> _What you are asked to do_
The answer is the line with "Onsite Wellness Hat - Reconnecting Humanity" and every line after it to the end of the listing, retyped exactly. Pictures do not belong in it.

> _Data extract_

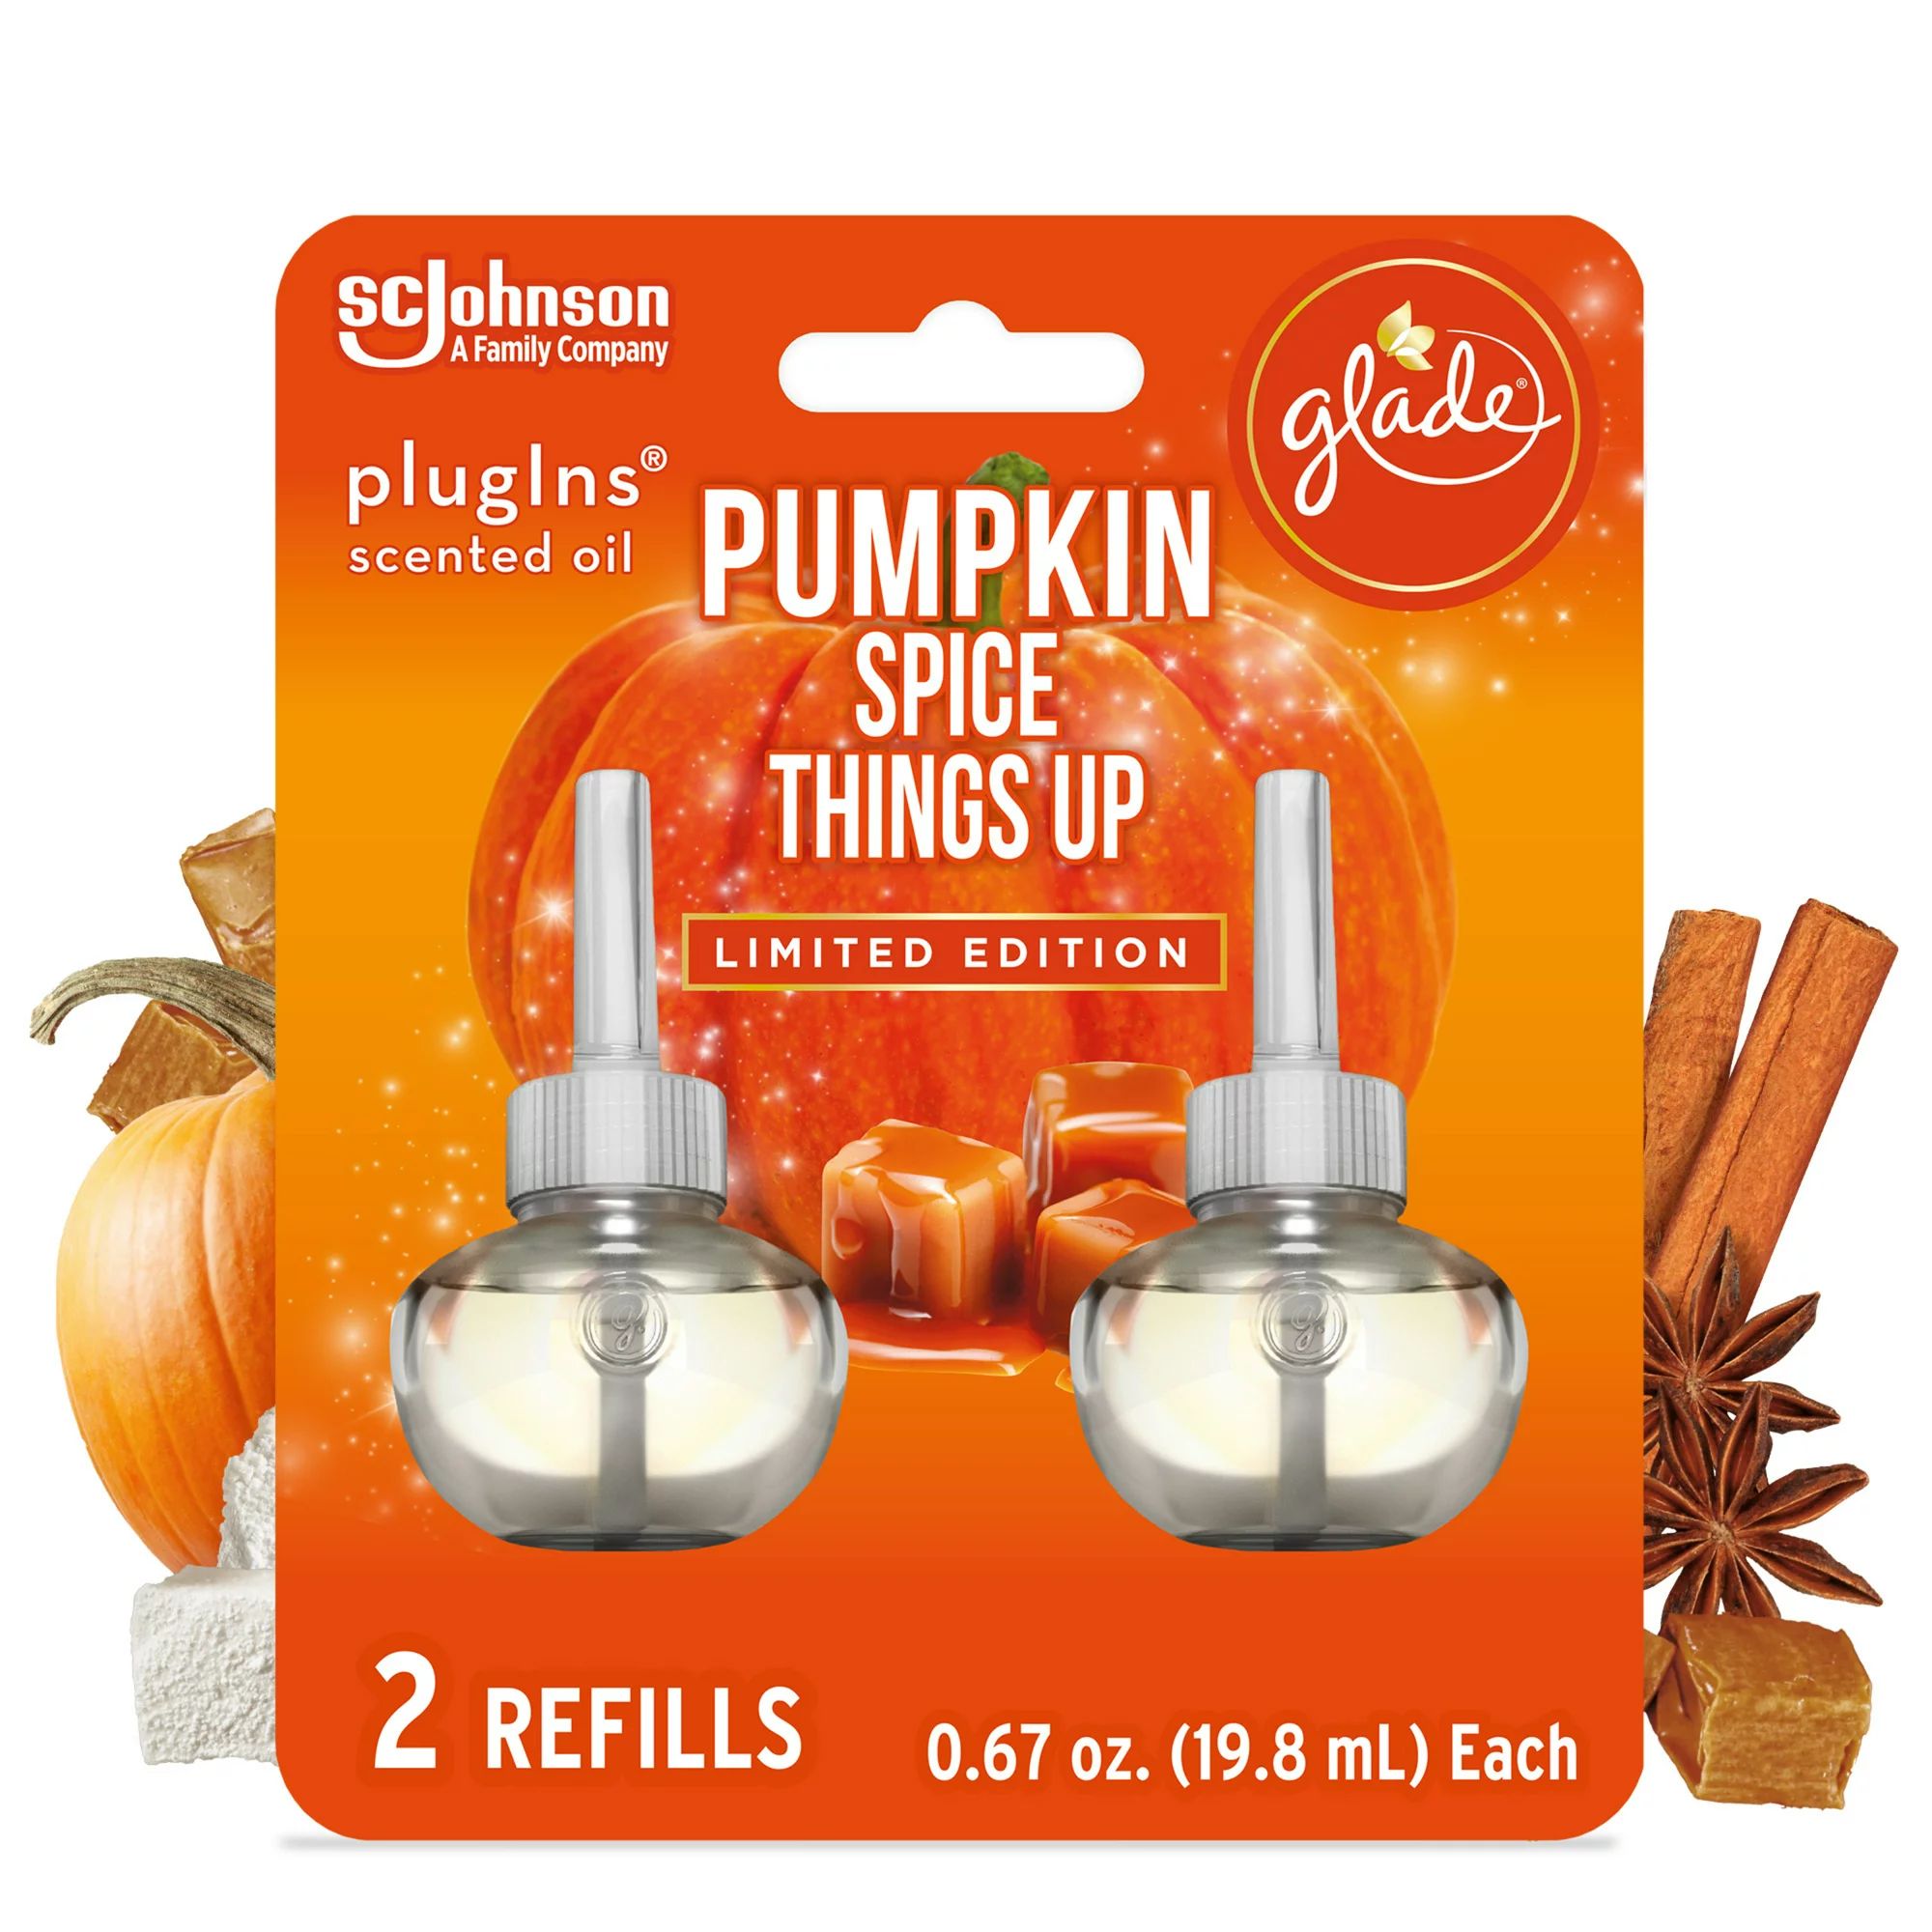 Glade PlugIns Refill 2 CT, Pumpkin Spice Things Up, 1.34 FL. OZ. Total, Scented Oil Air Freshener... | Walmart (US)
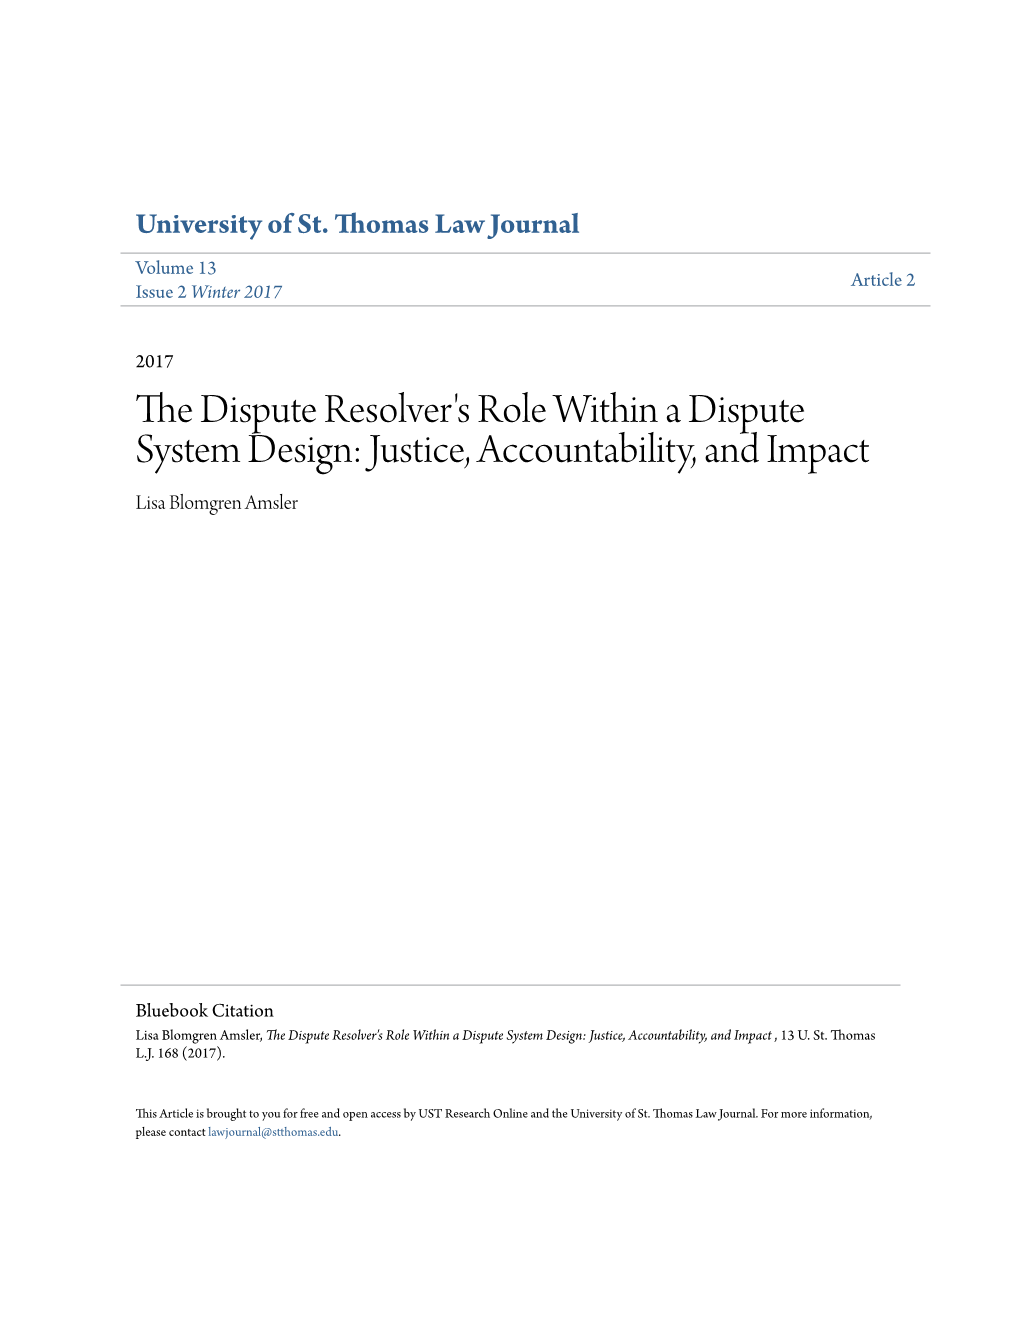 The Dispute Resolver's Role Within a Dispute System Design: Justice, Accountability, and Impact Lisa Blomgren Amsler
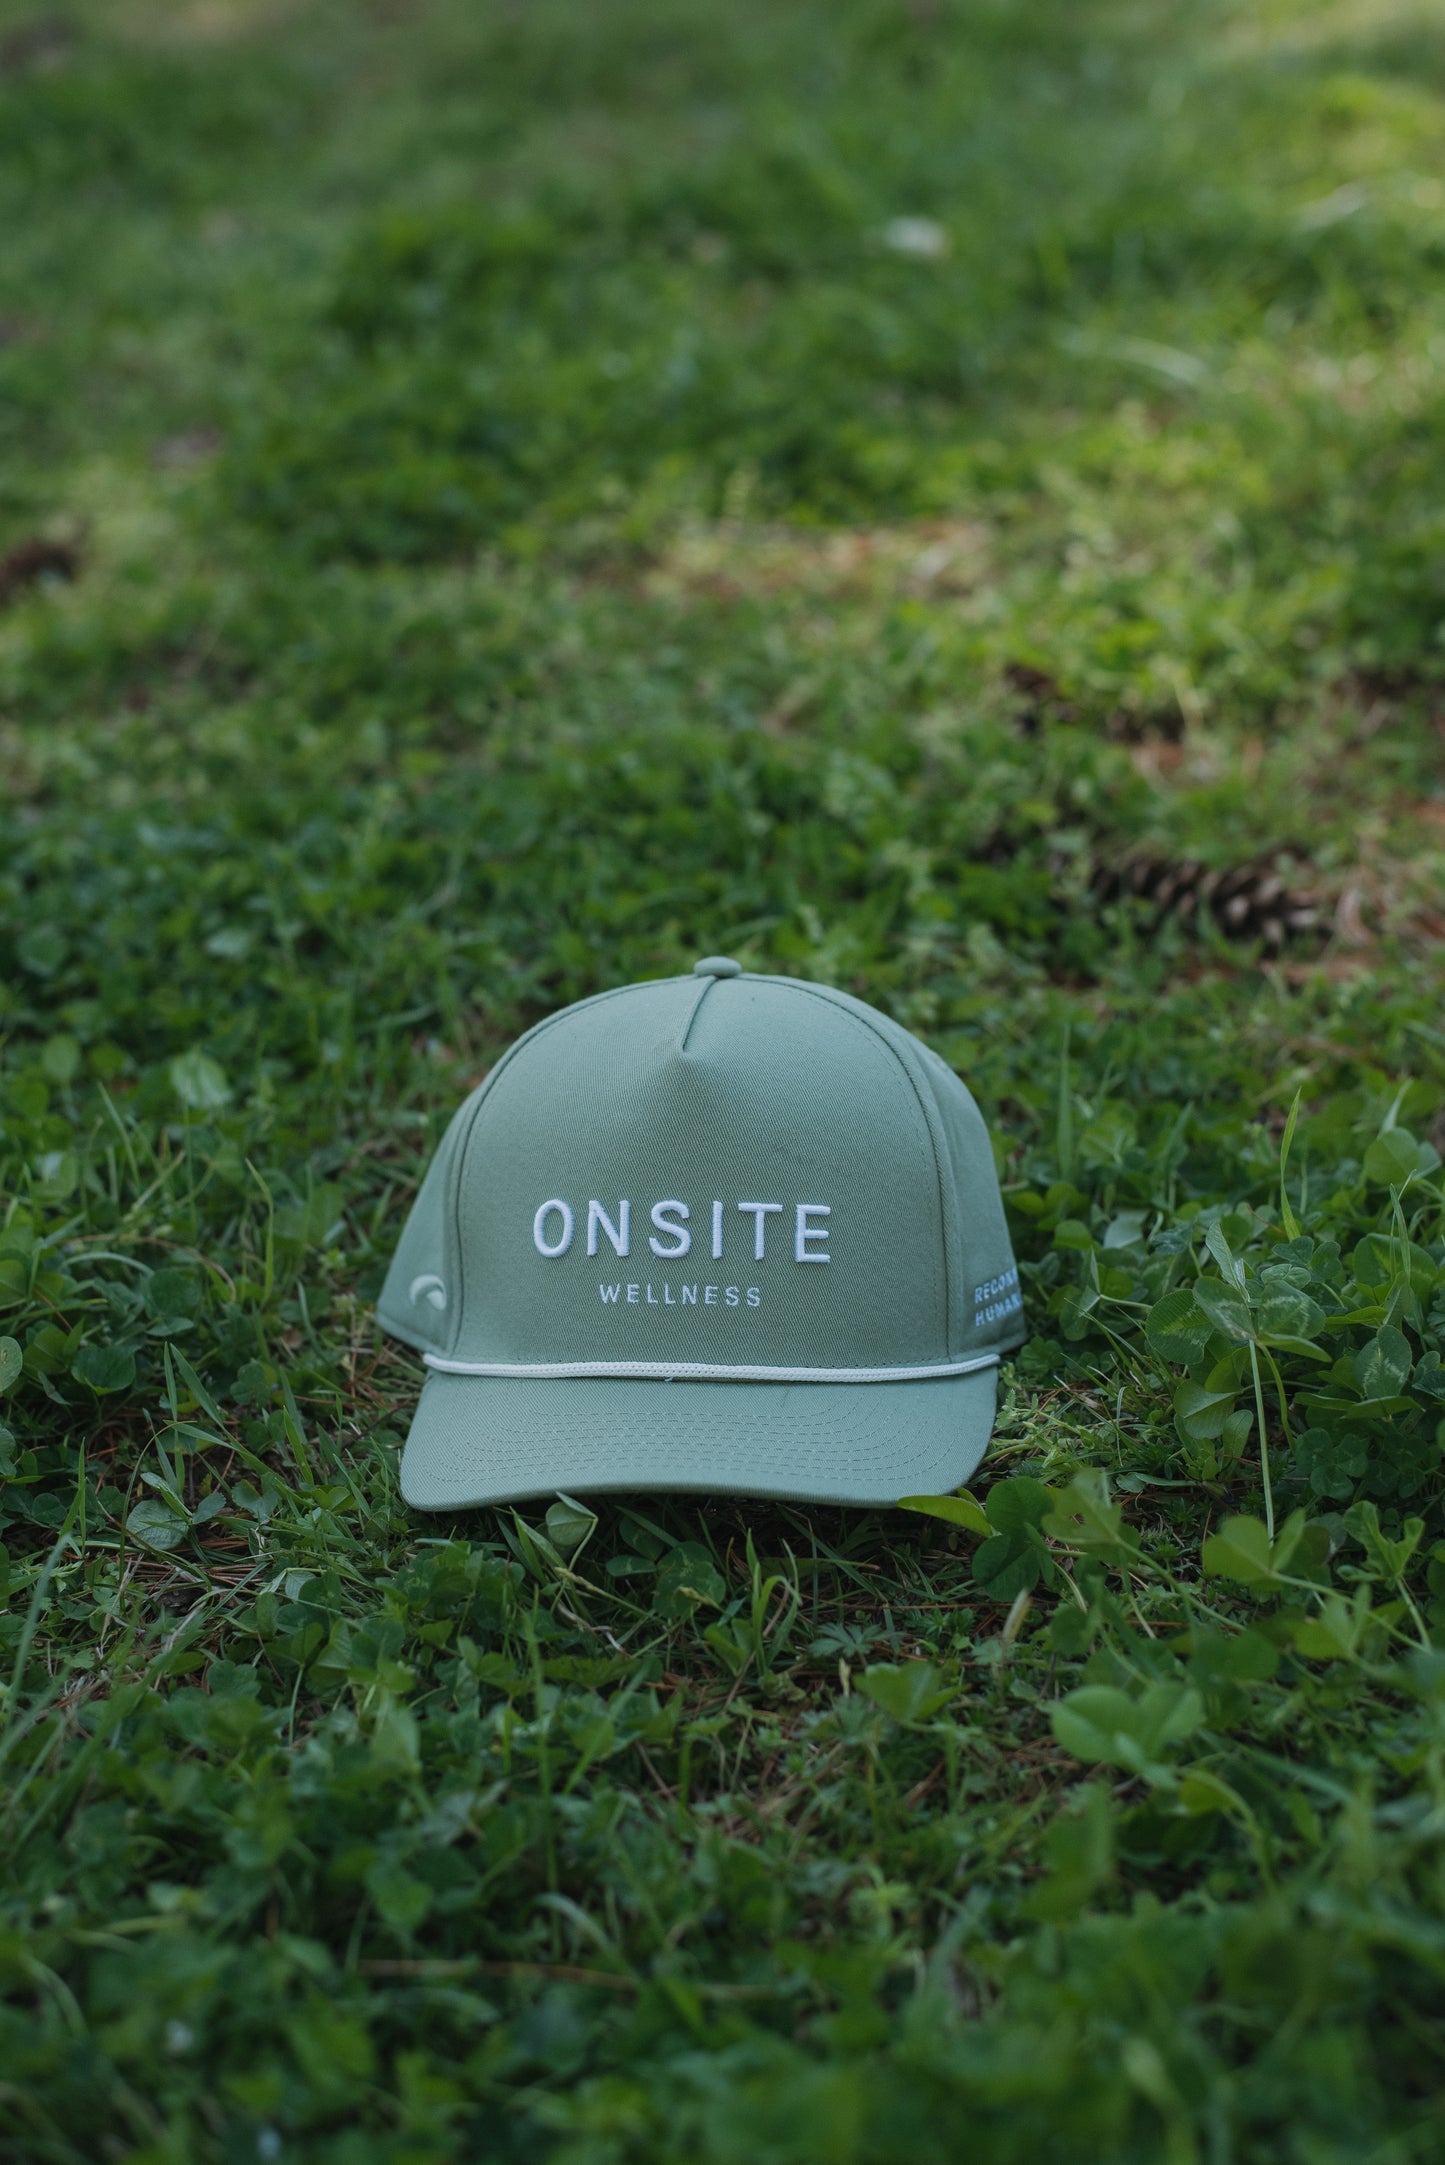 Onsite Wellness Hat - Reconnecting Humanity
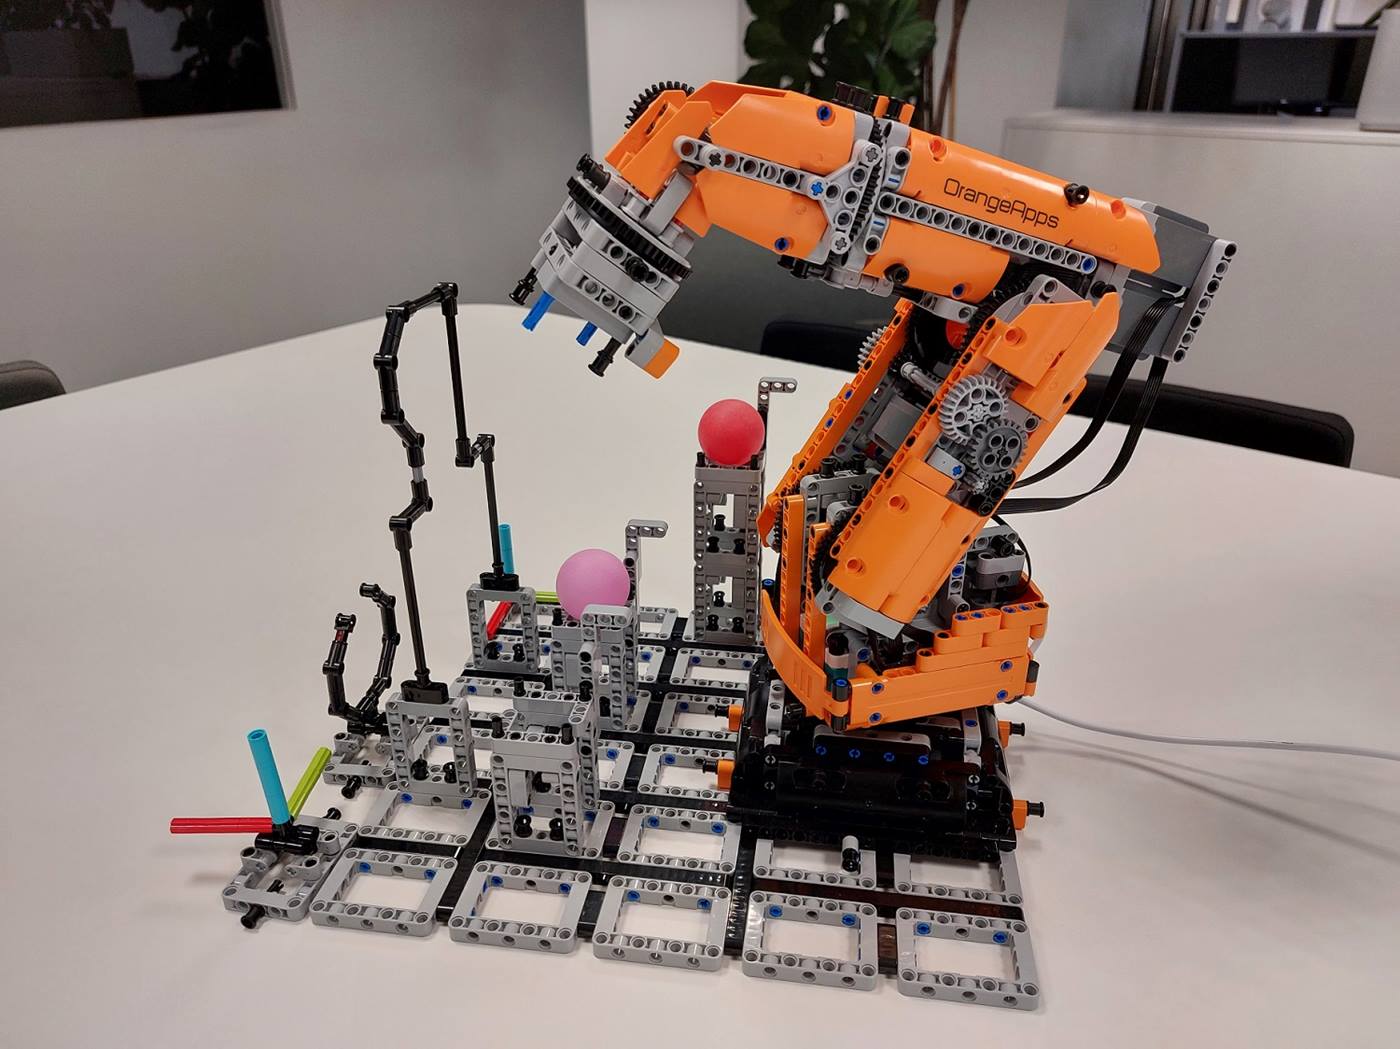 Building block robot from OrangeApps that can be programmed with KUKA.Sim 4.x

> _Expected answer_
 Onsite Wellness Hat - Reconnecting Humanity
 Building block robot from OrangeApps that can be programmed with KUKA.Sim 4.x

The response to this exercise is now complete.